An anonymous former employee of Weinstein’s said in an article for the Guardian, ‘If you raised [Weinstein’s harassment], you were laughed off as naive. There was this underlying feeling that maybe you just weren’t good enough to impress him.’ Another former employee, Mark Lipsky, remembered someone senior running into the office, ‘red and sweating’. ‘”Someone call the police, Harvey just attacked me,”’ Lipsky told the Guardian, recounting, ‘He said Harvey attacked him on the street in front of the office. That was probably his last day.

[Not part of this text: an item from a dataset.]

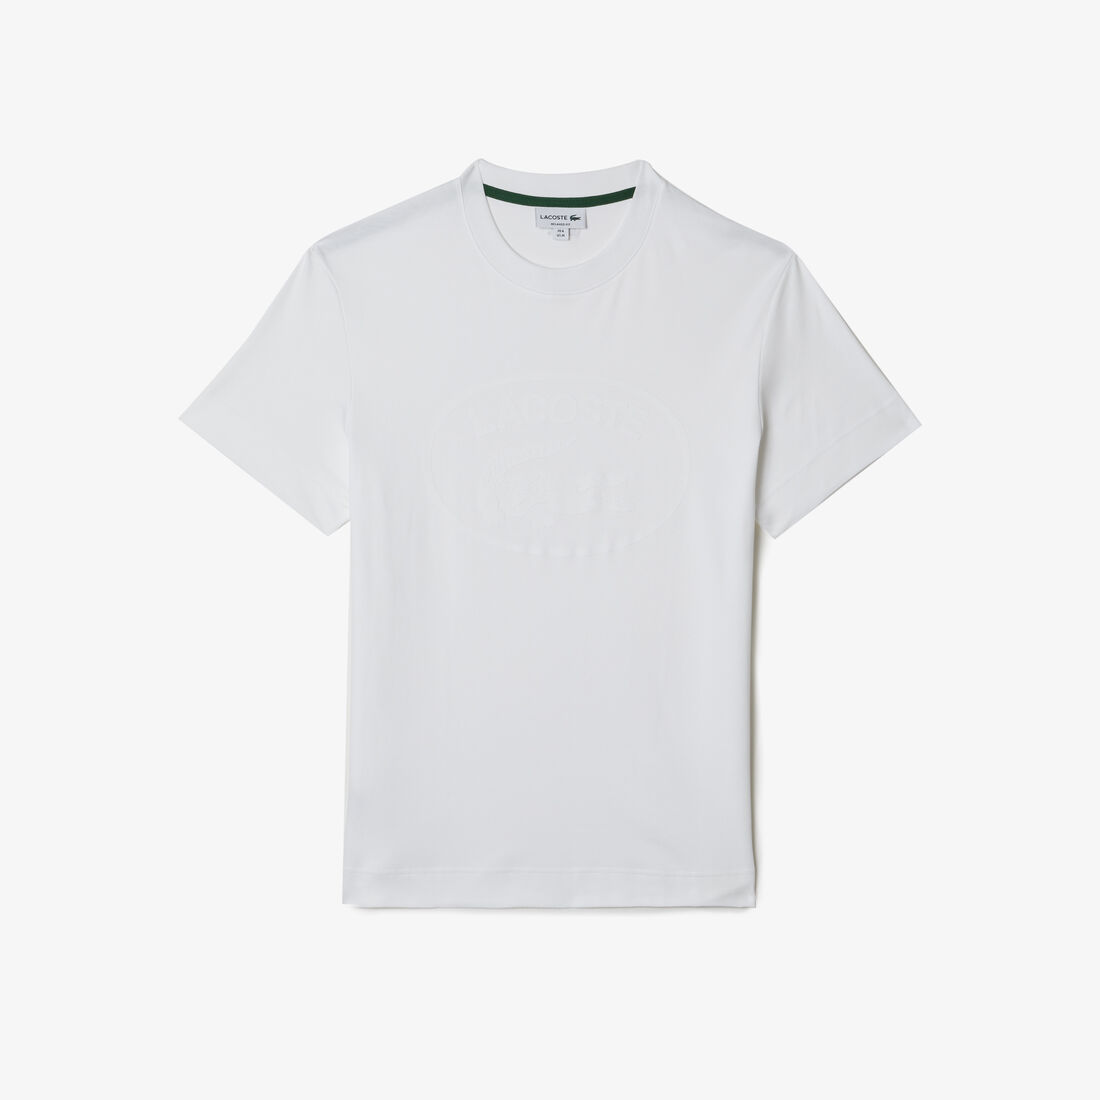 Lacoste Relaxed Fit Tone-on-tone Branded Baumwoll T-shirts Herren Weiß | VRMH-34209

I don’t think anyone called the police.’ The Black Cube admitted to gathering information on the ‘attack list’ – 91 people Weinstein thought would talk to the media about his behaviour.

Putting myself in the shoes of these people, there’s no way I would have easily come out and given information. Their careers were at stake, as was their safety and those of their families.

With such a timely subject, I am aware that I have a responsibility with this piece. It is not a story that is retrospective, it is happening now. It feels visceral, political and raw.

It was recently pointed out to me that everything I thought was political about Anomaly was perhaps more social. If I look up examples of social matters, I find abortion, gay rights, religious freedom, which abuse of power seems to fall under. But as politicians have begun to use social issues as leverage, the lines have begun to blur. If you remove anything social from the political umbrella, politics becomes a paperwork activity about taxation. Politics is bigger than that, and we rely on our politicians to bring about social change and correct social abuses and injustices. So, yes, Anomaly is political.

I wrote this play to provide a different angle to a story than people expect to hear. My characters aren’t hysterical or hopeless, but they’re providing another female narrative concerning a huge issue of our times. In Anomaly we see three women navigating through a minefield of difficult situations for the sake of their family, their reputations and each other. Sometimes, it feels as though daring to tell a woman’s story is a political act in itself.

Anomaly will play at Old Red Lion Theatre from 8 January – 2 February.